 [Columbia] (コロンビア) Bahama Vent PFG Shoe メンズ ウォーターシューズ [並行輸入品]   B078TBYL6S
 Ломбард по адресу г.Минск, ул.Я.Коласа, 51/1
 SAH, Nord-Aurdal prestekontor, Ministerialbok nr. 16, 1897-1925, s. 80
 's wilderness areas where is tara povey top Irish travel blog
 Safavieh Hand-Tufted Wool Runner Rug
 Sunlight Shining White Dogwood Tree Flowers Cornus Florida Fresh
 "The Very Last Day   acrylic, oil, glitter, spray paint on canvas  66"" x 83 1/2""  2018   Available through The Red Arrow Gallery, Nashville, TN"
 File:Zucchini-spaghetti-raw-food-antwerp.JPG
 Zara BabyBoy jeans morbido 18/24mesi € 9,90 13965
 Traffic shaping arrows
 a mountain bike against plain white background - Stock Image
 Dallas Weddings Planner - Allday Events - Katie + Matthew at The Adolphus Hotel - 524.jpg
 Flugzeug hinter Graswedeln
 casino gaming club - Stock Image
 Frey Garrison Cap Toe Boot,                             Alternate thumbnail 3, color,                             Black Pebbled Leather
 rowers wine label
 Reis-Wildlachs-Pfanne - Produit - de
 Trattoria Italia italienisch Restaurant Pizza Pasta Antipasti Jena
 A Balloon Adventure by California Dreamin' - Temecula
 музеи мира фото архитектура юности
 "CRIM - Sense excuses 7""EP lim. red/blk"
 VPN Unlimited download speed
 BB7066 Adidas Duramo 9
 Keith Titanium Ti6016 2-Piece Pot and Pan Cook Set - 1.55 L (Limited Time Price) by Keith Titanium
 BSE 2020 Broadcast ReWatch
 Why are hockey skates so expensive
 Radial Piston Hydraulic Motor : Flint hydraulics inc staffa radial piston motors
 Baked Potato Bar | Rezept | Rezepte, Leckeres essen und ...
-*-
◆ Exercise brief: Copy the records above exactly, beginning at the line that contains "casino gaming club - Stock Image" and stopping after the line that contains "Reis-Wildlachs-Pfanne - Produit - de".

◆ Output:
 casino gaming club - Stock Image
 Frey Garrison Cap Toe Boot,                             Alternate thumbnail 3, color,                             Black Pebbled Leather
 rowers wine label
 Reis-Wildlachs-Pfanne - Produit - de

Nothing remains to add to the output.